Athens expects nod for early debt payment


Greece is about to get the nod from the European Union for the early repayment of the three installments of bilateral loans, as well as for the use of the “hard” cushion, in the next 24 hours, with the payment to follow by December 12, giving a strong message to the markets that the country is “aggressively” reducing its debt and continuously improving its fiscal position.

The European Stability Mechanism (ESM) and the European Financial Stability Fund (EFSF) – which hold approximately 54% of Greek public debt – have already approved the triple repayment requested by Greece and the official announcement is expected in the coming days, either before or together with the announcement of the ESM’s approval for the use of the 15.697-billion-euro cash buffer, which will be made on Tuesday, December 3.

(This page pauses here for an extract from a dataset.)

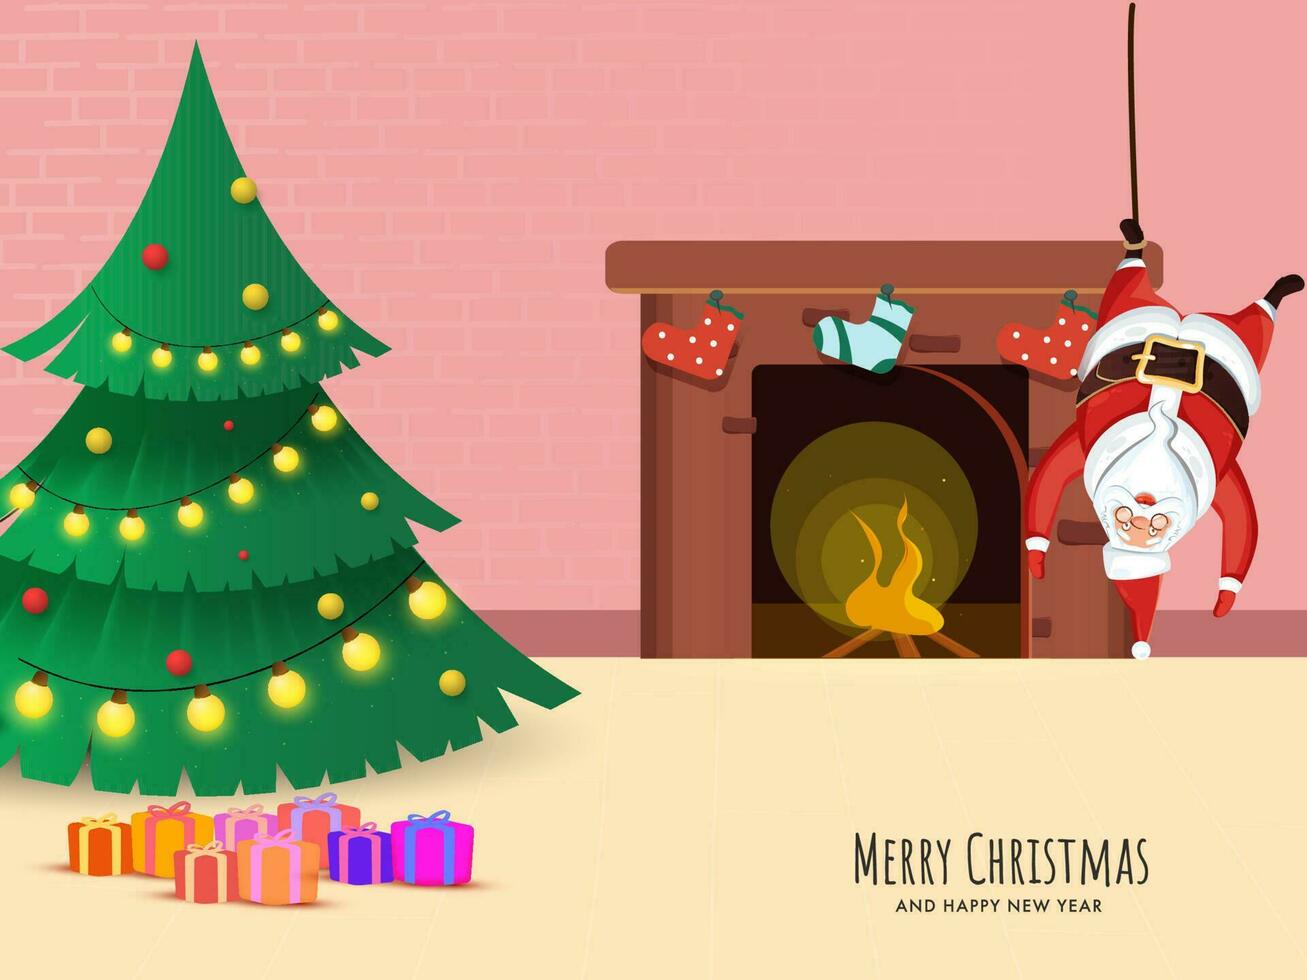 décoratif Noël arbre avec cadeau des boites, Père Noël claus pendaison à l'envers vers le bas et cheminée sur le occasion de joyeux Noël et Nouveau an. vecteur

The cushion was created in 2018 and could not be used until now, as it had been provided as a safety net in case of need after the country’s exit from the bailout process. Now that Greece has regained its investment grade, as well as financing from the markets, there is no reason for this cushion to wait. Therefore, the ESM judged that Greece can start using this money to reduce its debt. The agreement is, however, that this amount of €15.697 billion will be used in parts over three years. This year the country will be able to use approximately €5 billion, in 2025 another €5 billion and in 2026 the remaining €5 billion, in debt reduction moves.

Consequently, this year’s early repayment of the three installments of the Greek Loan Facility (GLF) will be made using part of the cash buffer that is now unlocked. On December 12, Greece will repay early the GLF installments (expiring in 2026, 2027 and 2028) which total €7.935 billion, with €5 billion that it is entitled to use from the cash buffer and the remaining €2.95 billion coming from “free” reserves.

The aim of the triple repayment is to provide some relief in the cost of servicing interest, which is however relatively small and amounts to tens of millions of euros over a three-year period, but mainly to send a strong signal to international markets about Greece’s capabilities.

The balance of bilateral loans stands at €39.54 billion, while after the triple payment of next month it will fall to €31.6 billion.